At 6:29 p.m., he left with Kostov.

I counted silently to thirty, then grabbed the bag with the money and bolted into the hallway. I burst into the stairwell, raced up one flight, and handed the bag to Calarco.

I went back to the hotel room and waited. After a few minutes, I checked in with Bennett, the FBI agent stationed in the Danish police command center. He was keeping in touch with the police watching the man in the lobby who was holding the bag with the painting. We were expecting him to hand Kadhum the bag.

He had bad news. “Subjects just ran from the hotel…. Headed down the street toward the train station…. Stand by….”

Shit. I started pacing, anxious. Where were they headed? Did they know it was a sting? If so, how? Was it something I said? Something Kostov said? I slumped on the bed. Would the Danes move in now? Would they try to grab the package the Kadhum brother ferried from Stockholm?

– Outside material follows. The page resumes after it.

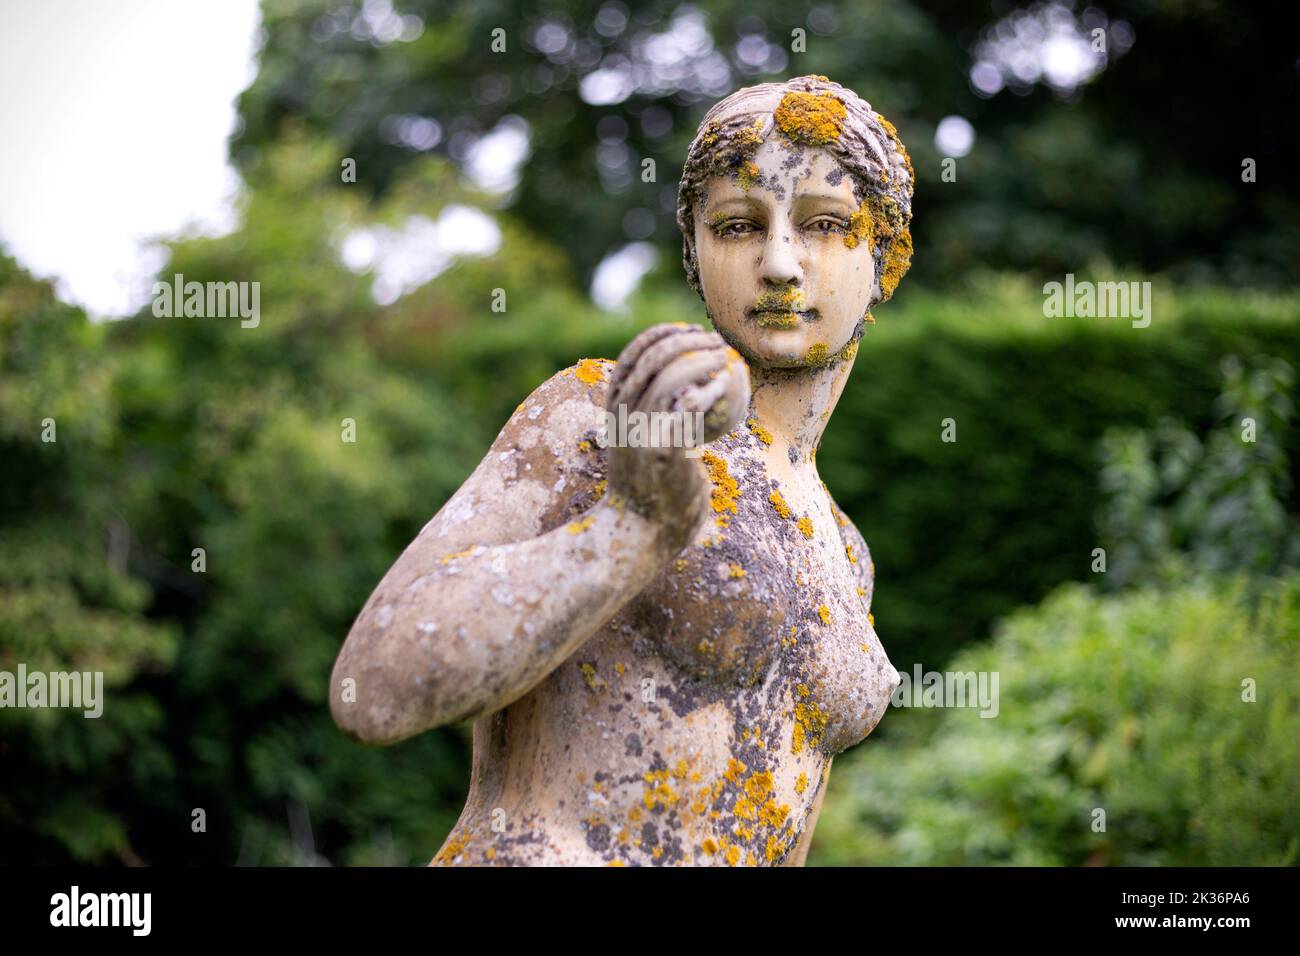 A statue in the grounds of Crook Hall and Gardens in County Durham.Crook Hall and Gardens closed in 2020 and the former owners approached the National Stock Photo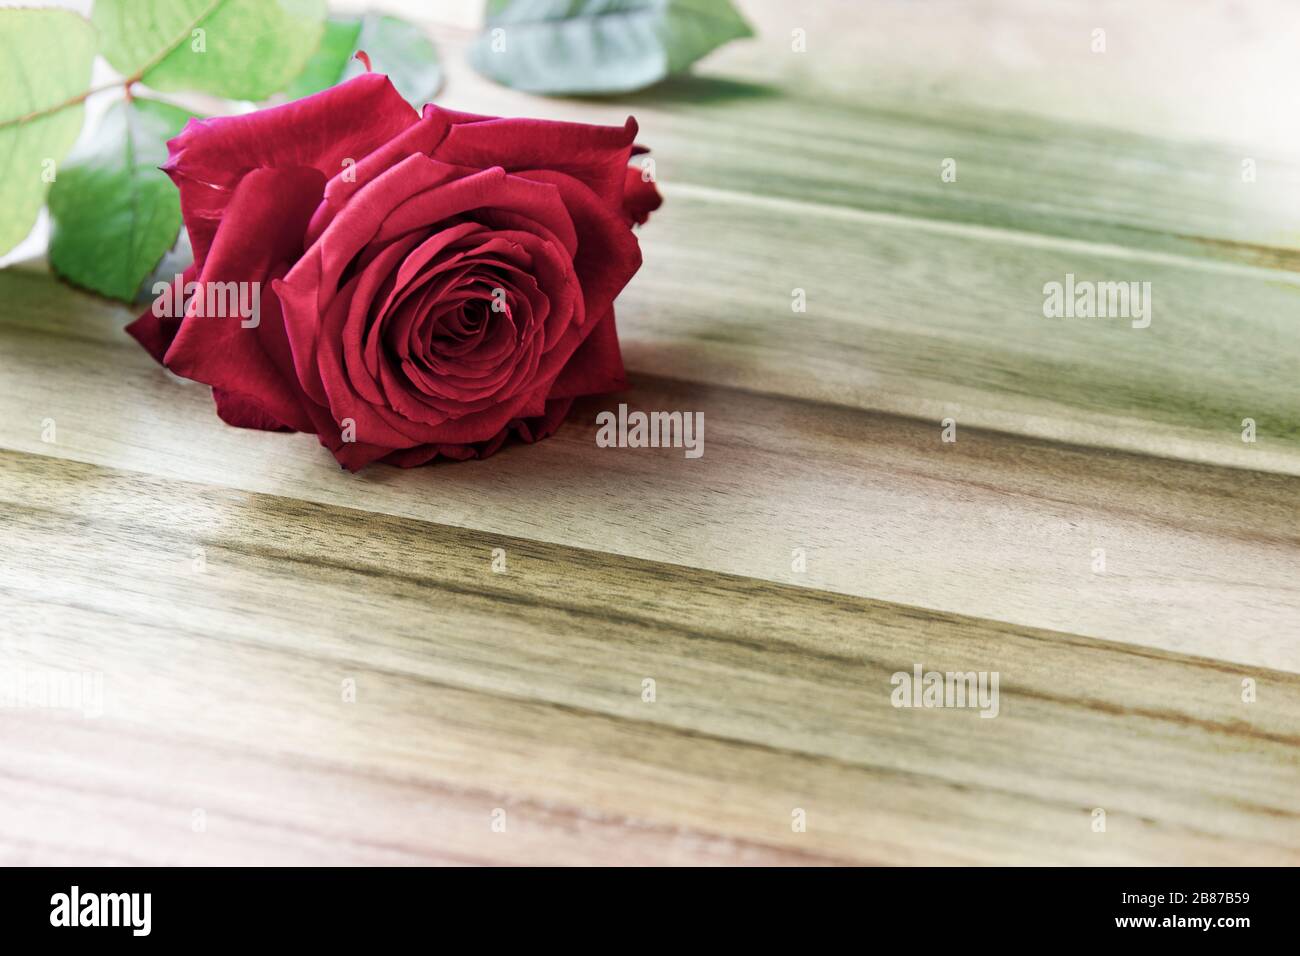 Wonderful red Rose (Rosaceae) lies on a wooden plate, with copy space. Germany Stock Photo

Just then, my borrowed Danish cell phone lit up. It was Bennett. “Hold tight. Subjects went to a second hotel and came out with another package. They’re on their way back.”

A second hotel, a second package. Smart, I thought. The first was a decoy, designed to test the Swedish police during the train ride. They’d sent the painting ahead with a fourth man.

At 6:49 p.m., I heard two knocks at the door.

It was Kadhum—and Kostov. I was furious to see Kostov, but tried not to show it. My unpredictable cooperator was violating my explicit instructions to get lost when the painting arrived. He knew I did not want an extra body in that tight space during the handoff, the most critical time, but he’d come anyway.

I was uncharacteristically blunt. “We don’t need you here. You’re welcome to stand in the hallway.” He lingered anyway.

Kadhum handed me the shopping bag and offered to be frisked again.

I knew he’d been under surveillance the entire time he’d been gone. “I don’t have to worry about that,” I said. I did eye the bag with suspicion. If this were a robbery, it might be booby-trapped.

I looked at the package. “You wanna take it out for me?”

“No,” he said. “I don’t want to touch it.”

I knelt on the bed and pulled a package from the bag. It was about the size of the stolen Rembrandt, and wrapped tightly in black velvet cloth with string. I struggled to get it open. I laughed as if this was no big deal, but it wasn’t funny. I pressed my knees on the bed to give myself more leverage, but the damn thing wouldn’t come undone. “I don’t know how to untie it.”

Kostov wandered over, trying to be helpful. He stood between the hidden camera and me, blocking the agents’ view.

“Sit down,” I whispered to Kostov. “You make me nervous.”